There are three basic types of geothermal systems on the market. In the first, the closed loop system, coils of plastic pipes filled with glycol are buried either horizontally or vertically below the frost line. The second, direct expansion, is similar to the closed loop but uses copper lines filled with refrigerant gases instead of plastic filled with glycol. Since there is no liquid to pump, there is no pump to wear out. The third, the open loop, works a little differently. Instead of heat from the earth, it uses water pumped from a nearby well, pond, or lake, for its energy source.

“A water-based system wasn’t an option here and a glycol system wouldn’t work either,” Donovan says. “For those you need to be able to bury a lot of tubing on your property below the frost line. We have rock 6 inches below our grass, so we weren’t going to bury much of anything. Then we heard about the direct expansion system; it only required one 100-foot hole to be drilled for every ton of heating or cooling we required. It looked promising.”

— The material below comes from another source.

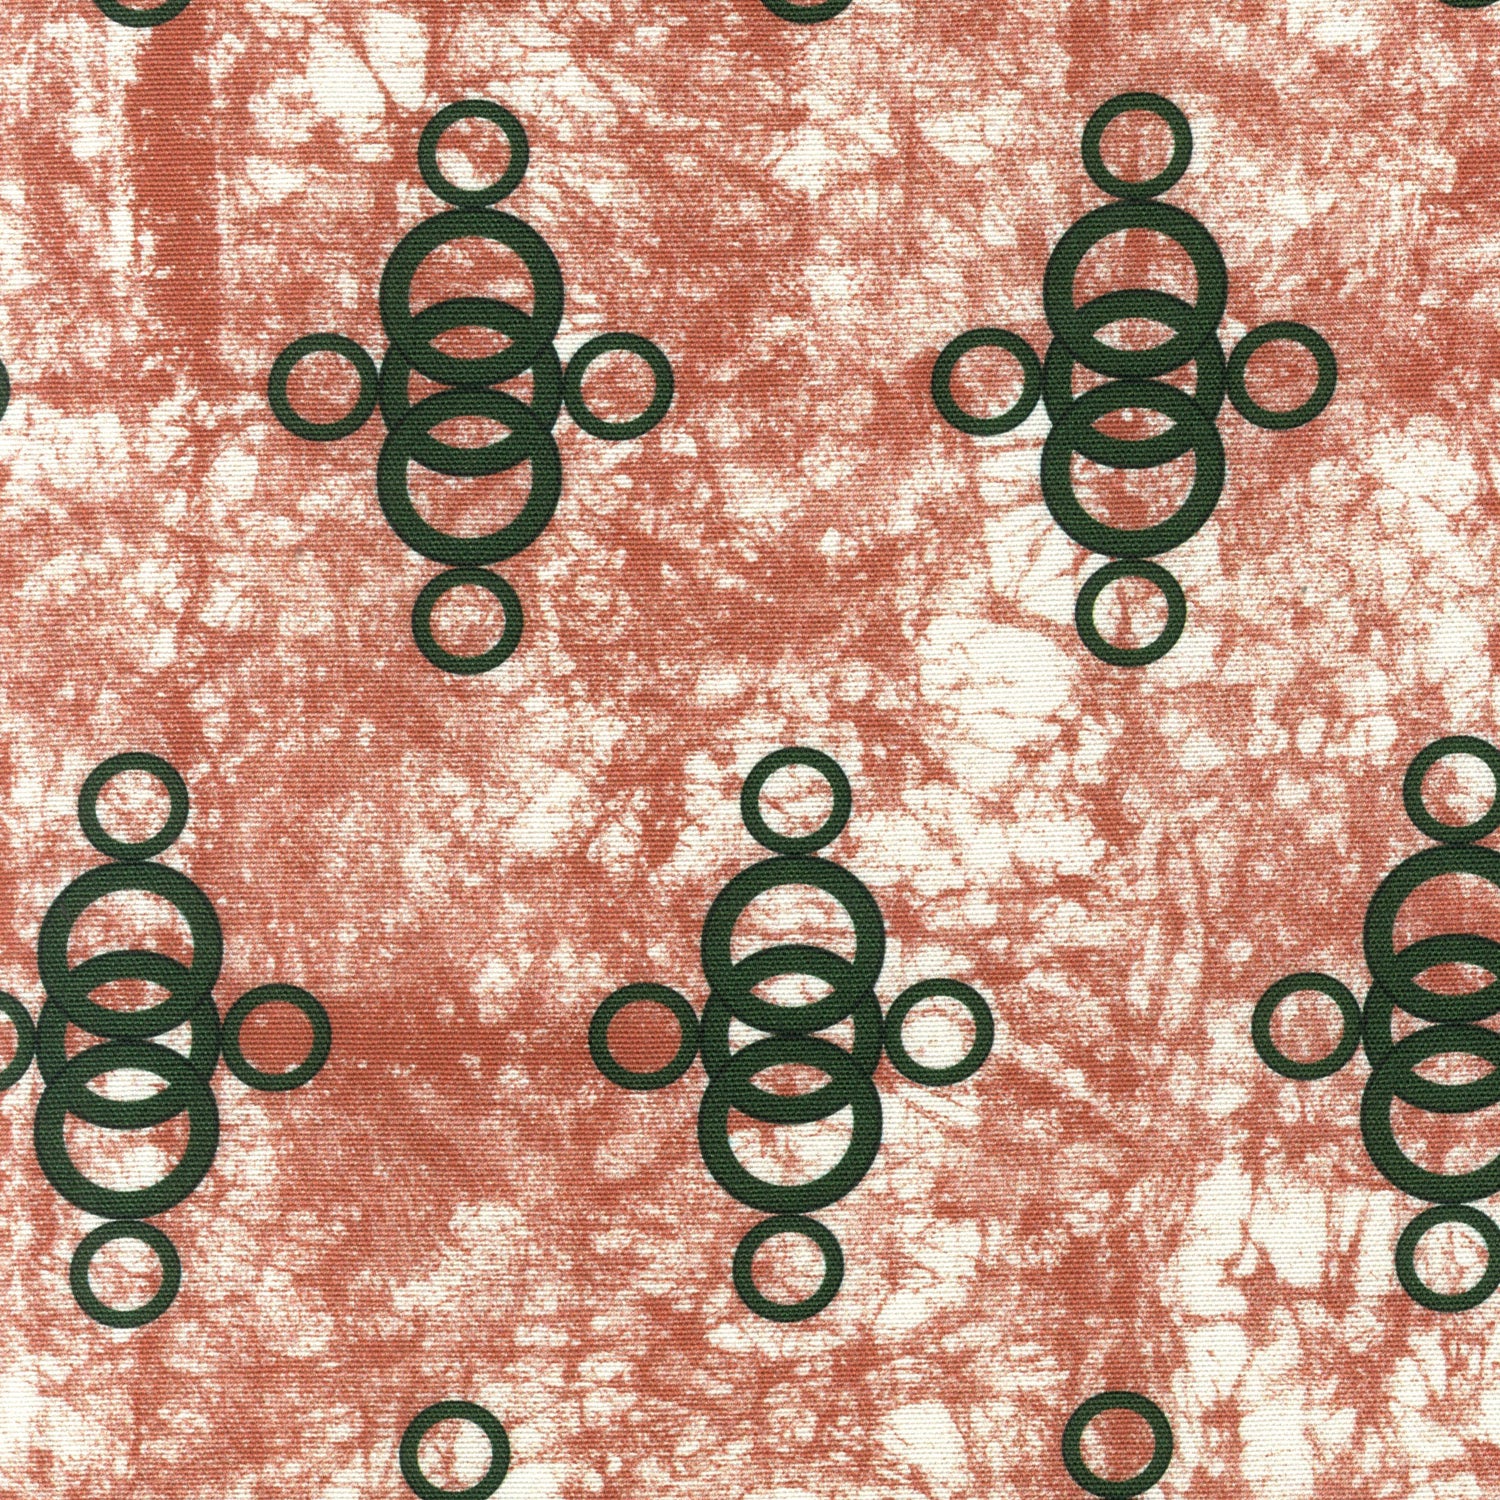 Detail of fabric in a curving lattice print in dark green on a mottled coral field.

Donovan decided to do a business-case analysis to see if the higher capital cost of installing a system would be worth it. He started by having a heat-loss analysis done from the blueprints of his new home. Based on the size of his house, its insulation factor, the number of windows, the direction it faced, and how much sun it would get, the analysis determined it would cost the Donovans between $2,800 and $3,200 dollars to heat their house with propane. It would cost an additional $400 to $600 to cool the home in the summer months.

Donovan compared this to the cost of putting in geothermal and found that it would cost $8,000 to $10,000 more to install a geothermal system. However, with geothermal, it would only cost $1,300 to $1,400 a year to heat and cool their home. It was going to save them at least $2,000 a year on their energy bill. Once they saw those numbers, they were sold.

Geothermal systems are considered very environmentally friendly because they heat buildings without burning any fossil fuels. They are far more efficient than standard air conditioners, using only a fraction of the electricity on even the hottest summer days. According to statistics from the Geothermal Heat Pump Consortium in Washington, D.C., every 100,000 residential geothermal installations reduce U.S. reliance on foreign oil by 2.15 million barrels. This translates into 2.18 million tons less carbon dioxide being released into the atmosphere. They also reduce electricity consumption by 799 million kilowatt hours annually. Current U.S. installations have the same positive environmental benefit as taking 1.295 million cars off the road.

While homeowners like to be environmentally friendly, few are willing to install a geothermal system for that reason alone, says Mike Parlato, president of Earth Energy Solutions, an Ontario company that specializes in geothermal installations. “People are economically minded first and environmentally minded second. They want to know the total cost of the system and what their payback period will be. We need to prove to them that when we drill, they will strike it rich.”